That’s when I realized I could leverage my other, non-car obsession – archaic computers – into helping me out, for a change. I could automate the process of art-making by hand-making a lot of graphical pieces, and then writing a program in BASIC to randomly put those parts together to make something unique and fun! That way, members get a unique bit of art – or at least something art-adjacent – that I hand-made, while at the same time could be automatically generated in quantity.
Okay, But Why Robots?
In the interests of full disclosure, I have to tell you that David has issues with this part of the project. David, quite reasonably, notes that this is a car website, and we should be delivering car images to our members, not robots! David was a bit indignant about this, and even spit-took some of the PB Blaster cocktail he was drinking in rage when he found out about the robots.
And, yes, I agree, cars would be ideal! But I decided to go with robots – for this year at least, I think I will be making car graphics for next year’s renewal images – for one very good reason, which I think you can infer from this image of the Apple //c system running the software I use to make the graphical elements:
Making the graphics is an ass-pain. For this to work, I need a lot of discrete elements I can mix-and-match to create whole images. These graphics are made individually and stored in something Applesoft BASIC calls a shape table. I use a utility from 1984, called The Complete Graphics System from Penguin software to build my shape tables, and I use that joystick you see there to do so. It is a tedious process, with a capital -edious, and I had already built the set of robot heads and bodies and legs, so I figured why not leverage them for this? Robots are sort of in the general Autopian wheelhouse, sort of, right? I mean, I like them?

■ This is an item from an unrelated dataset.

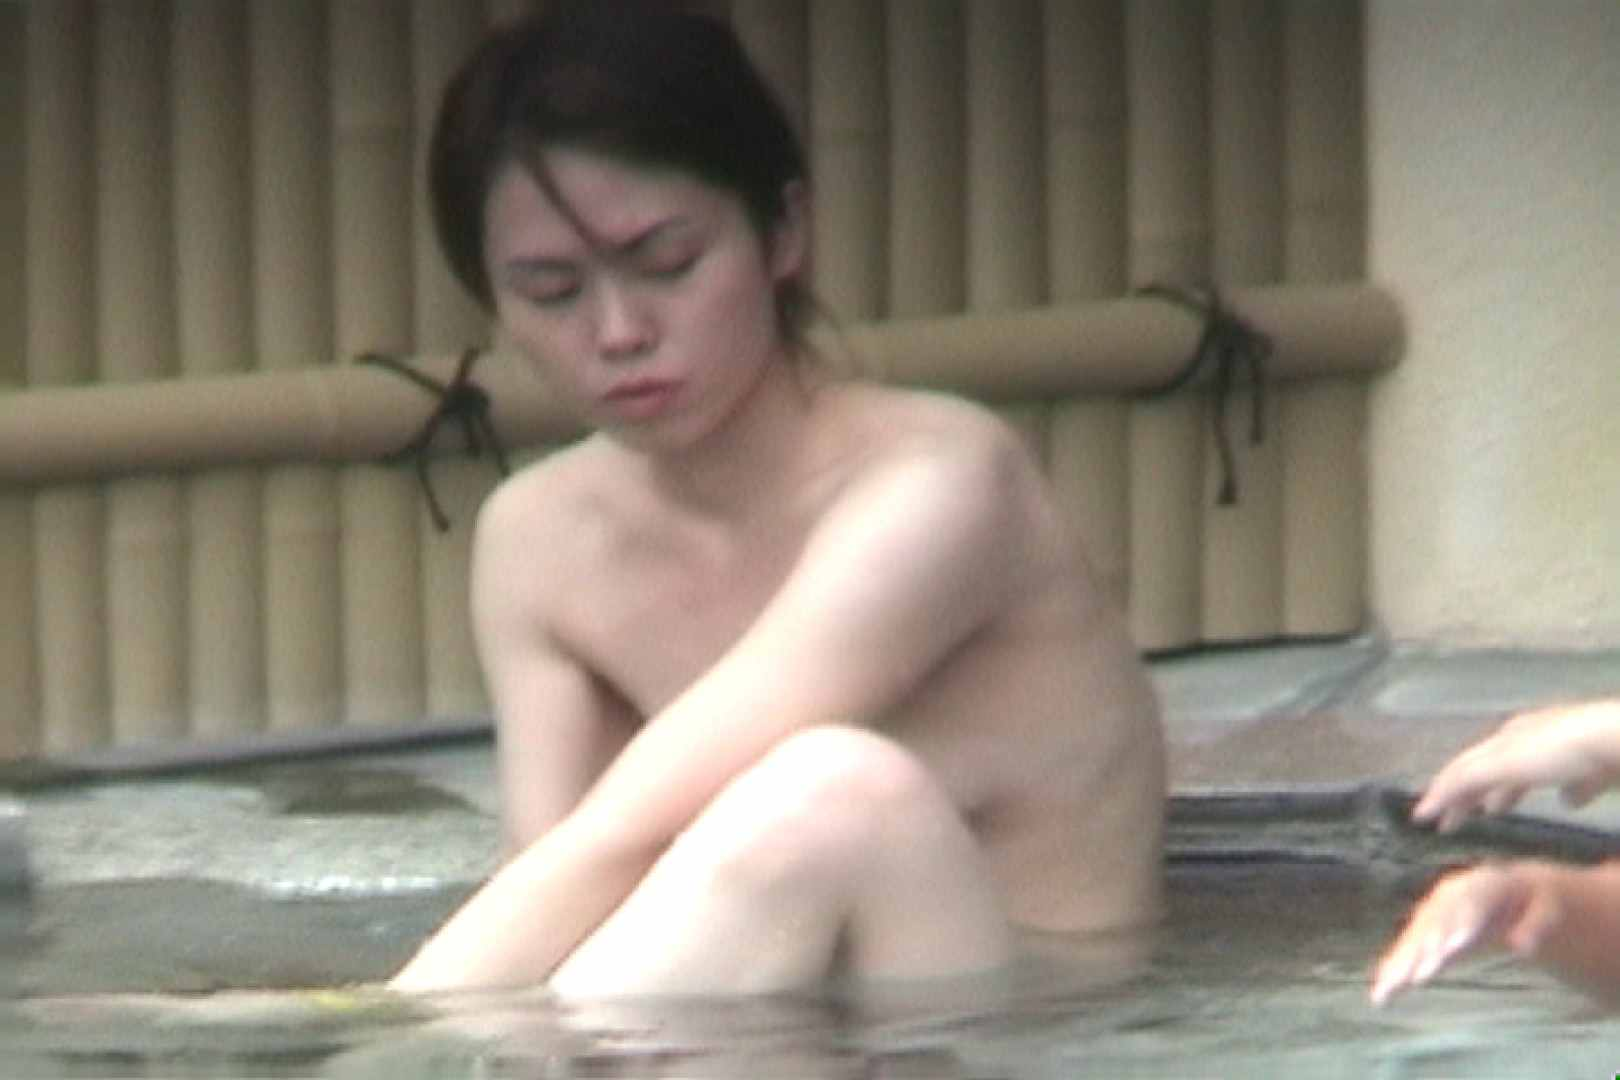 Aquaな露天風呂Vol.558 美しいOLの裸体 AV無料動画キャプチャ 86pic 35

Look, David isn’t wrong, but also I don’t think it’s a horrible affront to offer robots here. We’ll do cars for next years’ birthdays, okay? I just need some time to build all those elements!
Let’s Talk About How Weird Apple II Graphics Are
Now, part of the reason why I’m so into this ridiculous stuff is that I have a strange fetish, artistically, for limitations. I love limitations. Limitations force creativity to thrive, and the stranger the limitations, the better. The Apple II platform, first developed in 1977, is an absolute bouquet of strange and fascinating and difficult graphical limitations, and so I find it really rewarding to work with.

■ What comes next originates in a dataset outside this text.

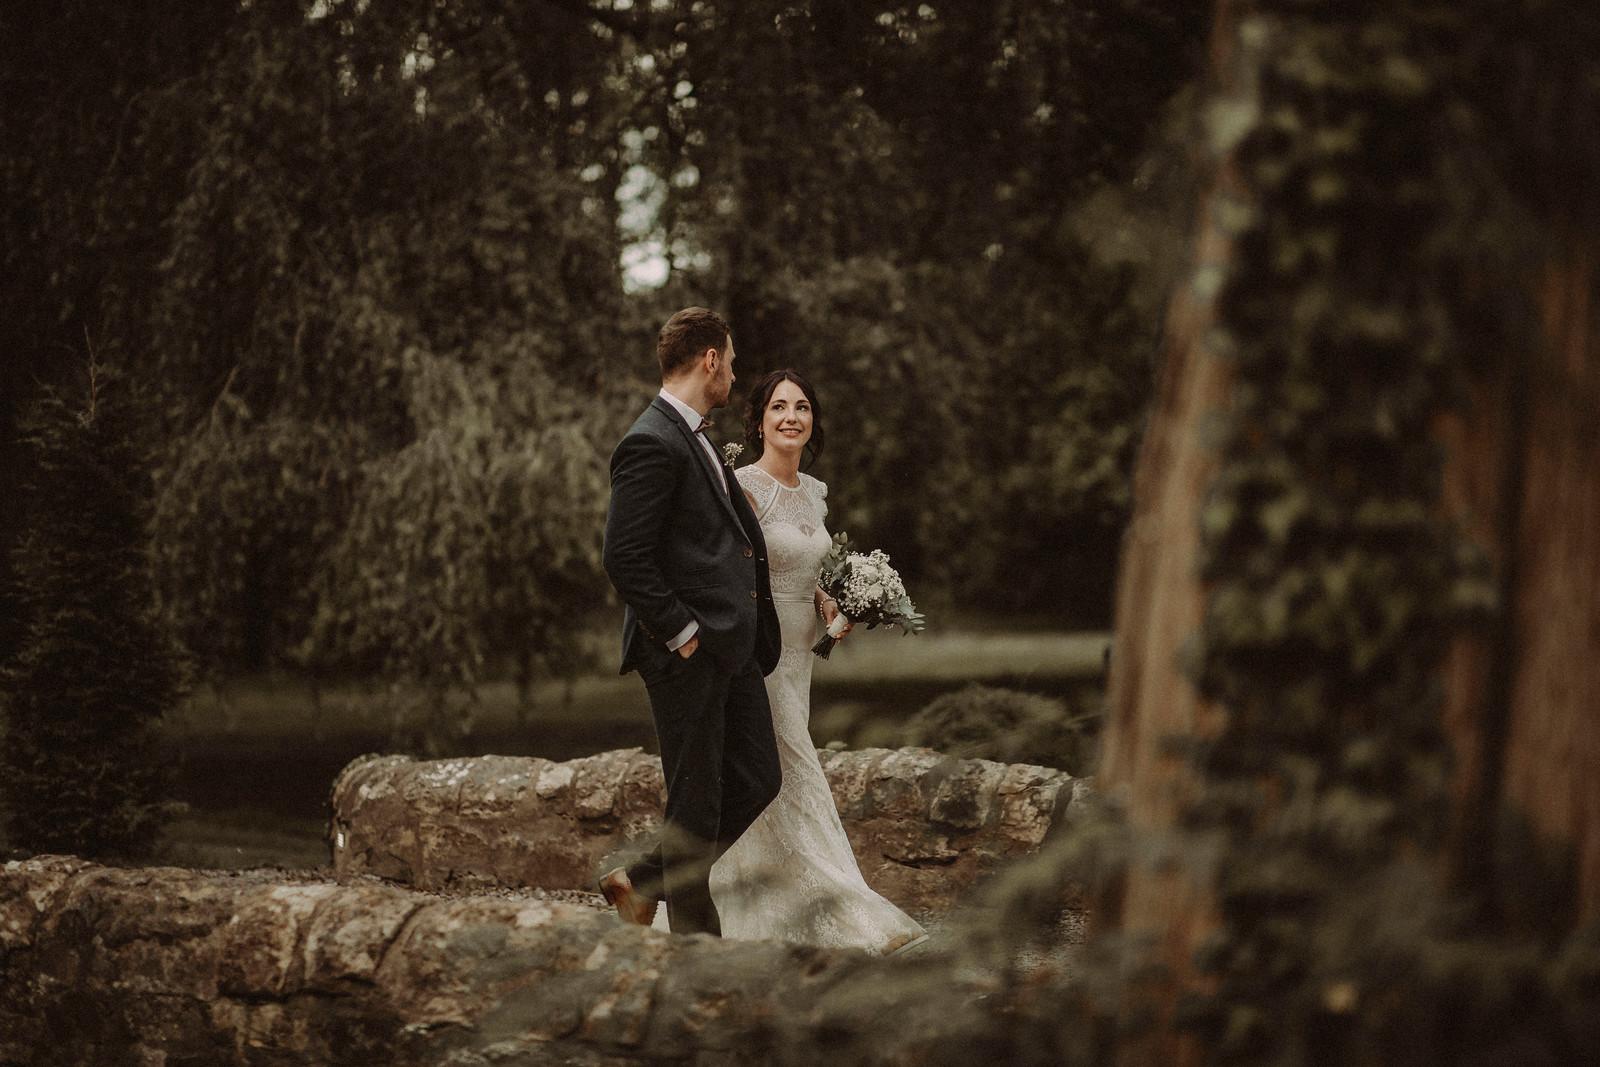 Rustic Theme Wedding Photo of Bride and Groom

The Apple II was the first personal computer normal people could consider owning that was even capable of color graphics. The way the Apple II managed to provide color graphics in an era long before specialized graphics chips or cards or standards is a tribute to the incredible genius and creativity of its designer, Steve Wozniak. All Apple II color graphics are possible because of quirks in the way televisions draw images on screens. As far as the Apple II knows, it’s just generating black and white pixels, that’s it.
But, when patterns of those pixels are sent out as an NTSC video signal, they get interpreted as colors, thanks to something known as artifact color. The Apple II isn’t really generating a color signal – it’s generating a series of pixels that the display device – a TV or monitor or projector or whatever – confuses for colors, but the end result is color on the screen, so that’s good enough!
Here, look at this. This is how the robot looks on a color monitor:
But, on a monochrome monitor, you can see how the colors are really generated: patterns of vertical lines:
Those images are from an emulator; on a real CRT monitor, you can see color fringing on the vertical lines of the text, too, since the monitor is trying to interpret those lines as color:
Weird, right? Now, these vertical line patterns are just even or odd: so, even lines are green, odd are purple, two dots next to one another are white, and all off is black. So that’s four colors. But the Apple II high-resolution screen can do six colors! How is that possible?
Well, it’s possible with more weirdness, specifically moving things a half pixel. Yes, the Apple II can shift pixels by half-pixels if needed to get two more colors. That also means even though the screen is 280×192 pixels big, which by modern standards is tiny, as you can see here with this actual-size 280×192 image:
…but it also means it can really place pixels at 560 points across the screen. Of course, because color requires even/odd pixel patterns, the effective resolution for color is only 140 pixels wide. But you can mix monochrome 280-pixel images on the same screen, if you want. This also means that the set of colors from the half-pixel-shifted set (orange and blue, if you’re wondering) will clash with the green/purple colors, so you have to be careful about having them next to one another, horizontally.
So, when I build the robots, I do some things to get the most colors I can per robot. Since each robot is made of a randomly-selected head, midsection, and lower body, before I draw each segment I randomly pick which color group will be used. Each color group has its own black and white, and by filling in the area where the robot part will be drawn with the black from a given group, I am moving the pixels in that area a half-pixel either way.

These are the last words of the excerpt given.